Николай Петрович был совершенно прав; беспечность Донских казаков, плавающих по морю, не вероятна. Мне самому случалось быть свидетелем ее. В Июне 1848 года, мы были в крейсерстве у берегов Кавказа. Была прекрасная лунная ночь; легкий ветерок ровно подвигал наш фрегат; глядим — под берегом судно. Подняли тревогу, «всех на верх», «прибавить парусов!» И что ж? — Таганрогский купец, которому нужно было доставить груз в Одессу, попал на Кавказ и уже дней десять ищет Тараканова хутора, (так они называют Тарканхут, мимо которого ему нужно было проходить).

— Уж двадцать девять дней как из Керчи; все ходим без толку, будьте милостивы — вопил купец — куда, в которую сторону к Одессе? Да не прогневайтесь, батюшка, за просьбу-то: провизия и вода вся вышли; пять дней крохами кормимся. — Так вот каковы ваши казаки, Николай Петрович; не даром же говорят — русский человек на трех сваях стоит: небось, авось да как-нибудь.

— Правда, правда ваша, — сказал Николай Петрович. — Стоит на месте, так и в голову не придет спросить у стариков бывалых; за девчатами бегает... авось, как-нибудь добреду; а там, глядь, и сидит у Черкесов; а они, разбойники, так и рыщут по берегу.

— Так нашего брата довольно погибает. Вот наш же донец пошел из Сухума в Керчь с пассажирами; — ветер прямо в нос; так вот он и спустился в Геленджик, да только в фальшивый; там прибой большой, место, знаете открытое, вот его и выбросило на берег; а черкесы не зевают — всех забрали в плен; а там выкупай.

— Что же они делали в плену? [83]

— Что делали! воду носили, дрова рубили. Посылали их на работу; и мальчишек бывало приставят смотреть, чтоб не убежал который...

— Да. Годов двадцать тому, — продолжал Николай Петрович, — эти разбойники далеко заходили в море.
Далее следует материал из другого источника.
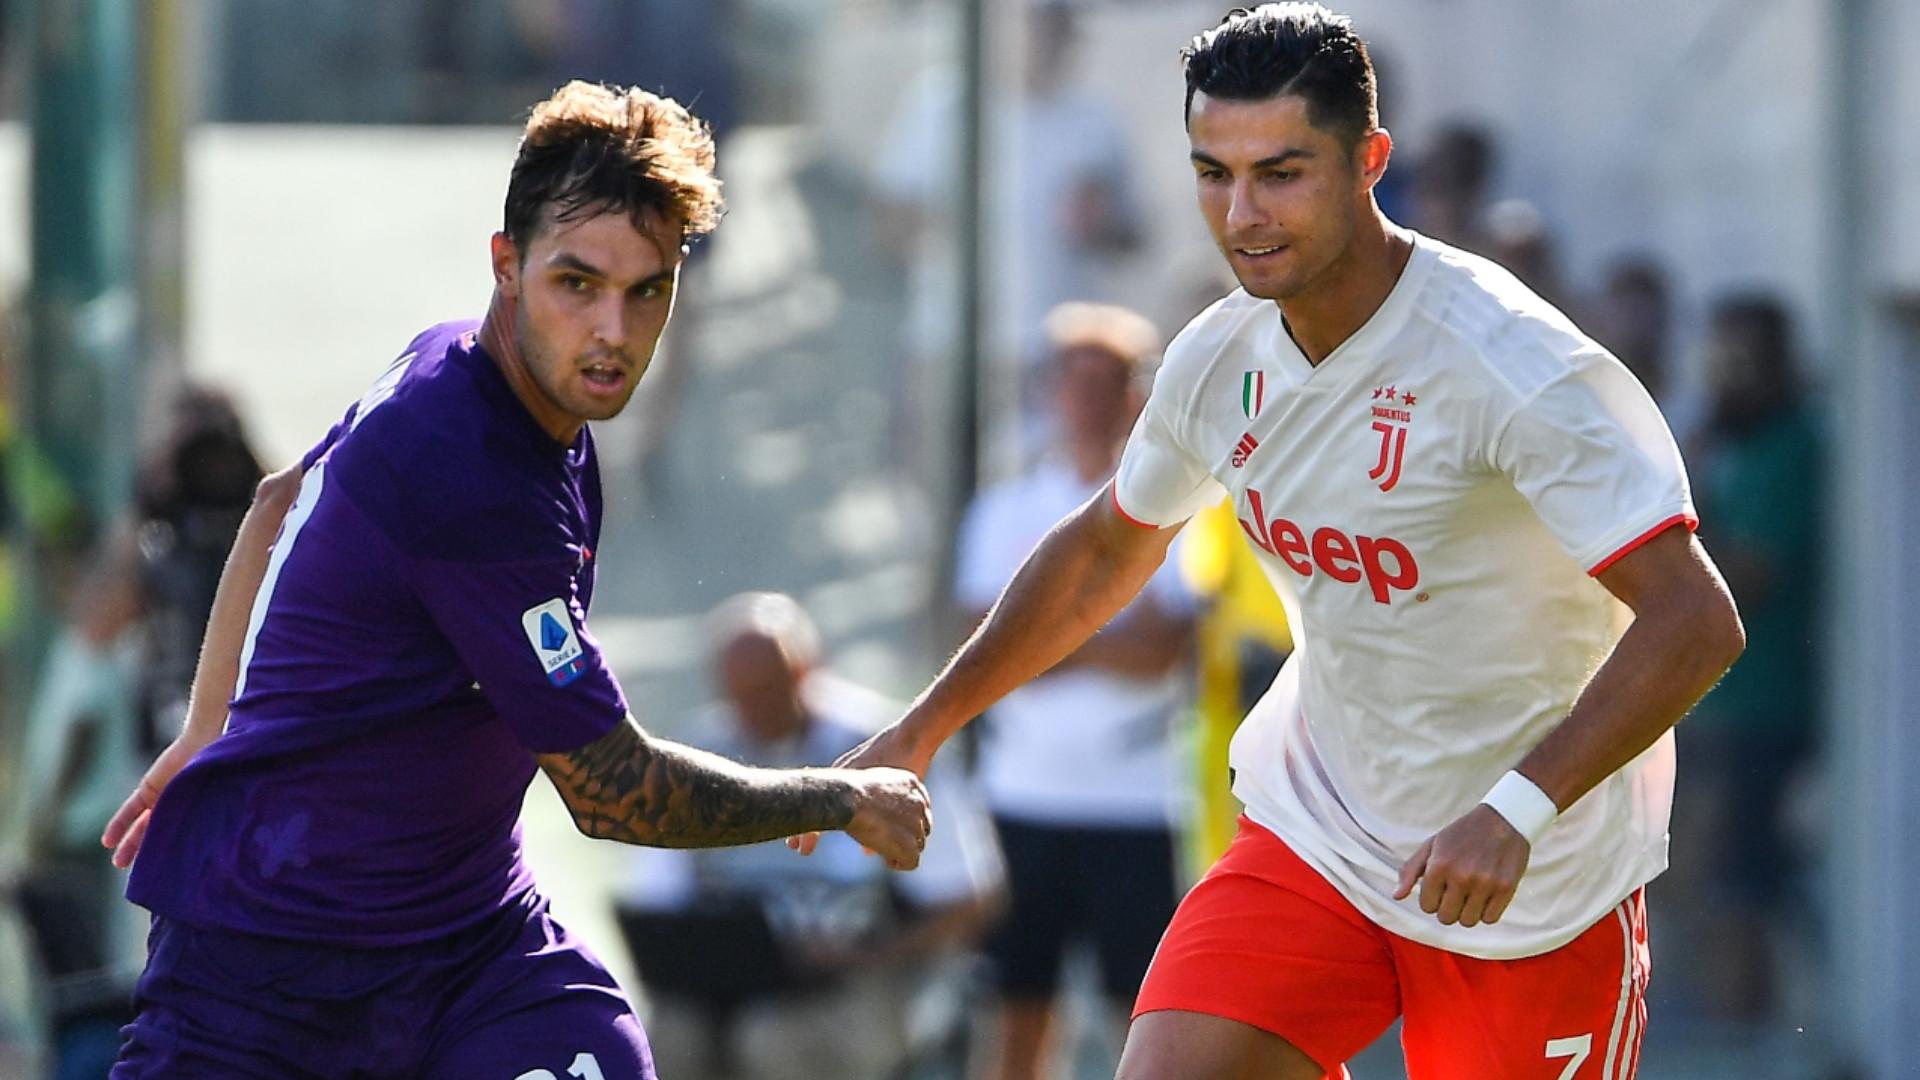 Fiorentina-Juventus (0-0), Ribéry et la Viola résistent à la Juventus

На галеру сядут человек 60 или 70, да и грабят наших купцов. Дорого платили и нашим молодцам, за доставку провианта в Редут, — давали с четверти по 12 рублев ассигнациями; а в Николаевское по 15-ти бирали. Уж после от Государя пришло позволение покойному Графу Ланжерону, купить шестьнадцать купеческих судов, посадить ваших матрозов, да уж так и возили провиант из Керчи. И то на первых порах три судна попали Черкесам в руки — одно взяли у Новороссийска, другое — в Вардани, а третье — Бог весть, где пропало...
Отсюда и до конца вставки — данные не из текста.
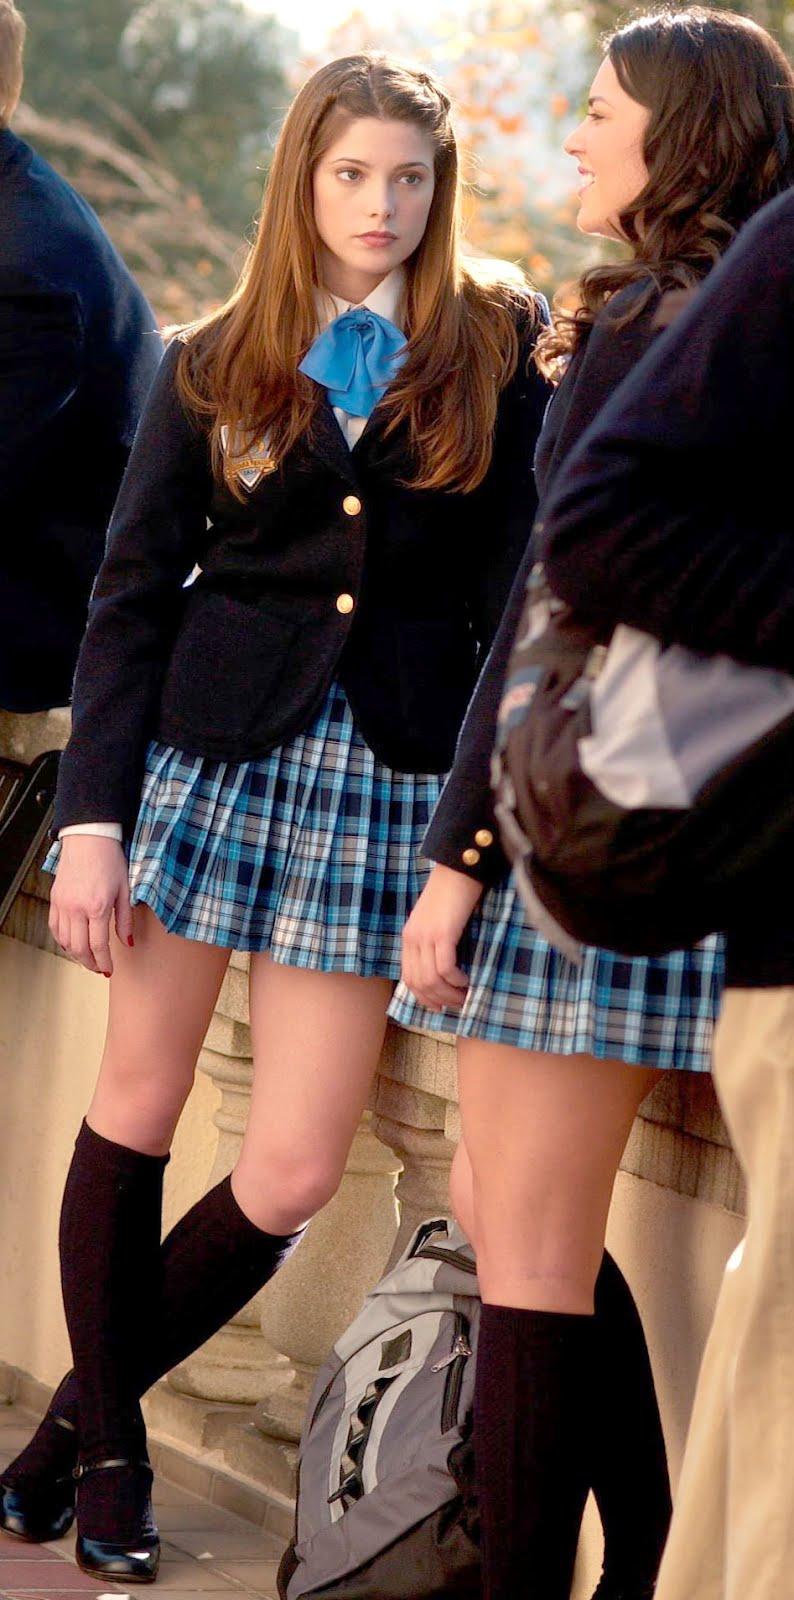 Anime Schoolgirl Upskirt first day of school: school girl love

Разговор наш был прерван приходом матроза, который известил, что пора обедать. Мне не пришло в голову запастись в Севастополе провизиею, а потому я должен был довольствоваться общим столом. Щи и каша — утром и вечером, и белый сухарь — вот все, что можно было найти за трапезой нашего брига. Во время сильного ветра, когда нельзя было разводить огня, мы довольствовались вяленой таранью, жесткой, крепкой, как самая лучшая подошва, и квасом, которого было у нас довольно. Николаю Петровичу подавали обедать со мною; с этою целью выдвигалась широкая скамья, покрывалась куском парусины, и мы ели с большим аппетитом, употребляя вместо ножей и вилок, как и следует по восточному обычаю, пальцы наших собственных рук.
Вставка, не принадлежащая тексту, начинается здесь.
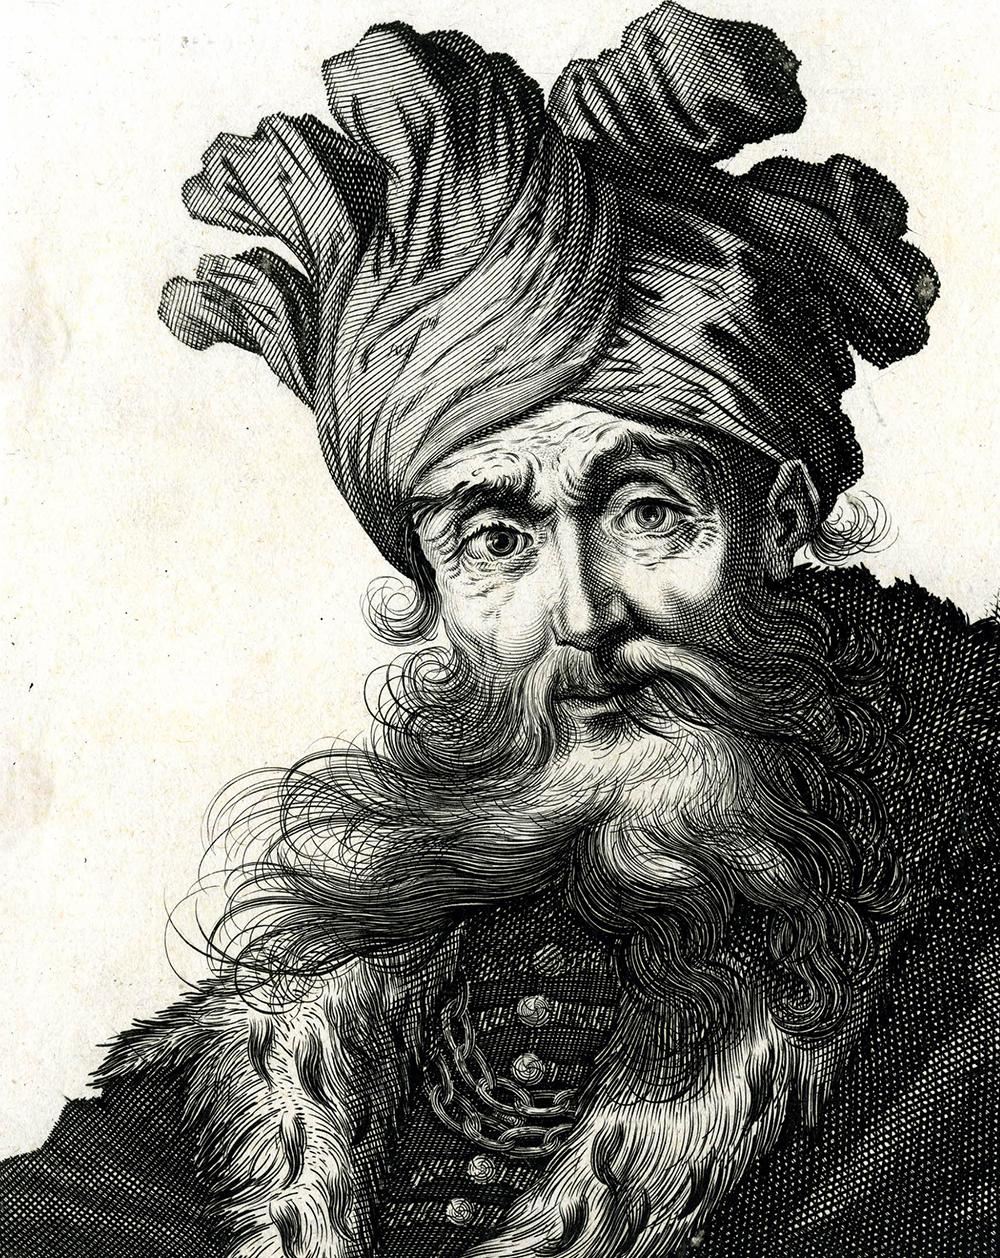 Saladinus Sultanus, by Jérôme David and Claude Vignon, c. 1610. The British Museum.

Меня очень занимали матрозы. Их было шесть, как я уже имел честь докладывать; три из них — Херсонские, два — Харьковские и один Курский; последний был вольный матроз. Все они по очереди стояли на руле, по первому звуку лепетушки все просыпались (не занятые на верху работой спали — это их обыкновенное [84] препровождение времени) и появлялись на палубе, готовые слушать распоряжения Николая Петровича, к которому они питали глубокое чувство уважения. Костюм матрозский вовсе не был приспособлен к работе; тяжелые сапоги и тулупы сообщали их движениям медвежью ловкость; случалось, что в сильную погоду никто не решается итти на марс, и бедному хозяину самому приходится лесть на рей, или, оставаясь на палубе, любоваться клочками парусов.

11-го Октября.

Возьмите Лоцию Черного Моря, прочтите о Новороссийской боре, и вам будет совершенно понятно, почему Николай Петрович сегодня молчалив, почему он ходит по палубе, поглядывает на горы и как будто хочет пронюхать в воздухе, что будет через полчаса. Он держит ухо востро: мы идём мимо Новороссийска.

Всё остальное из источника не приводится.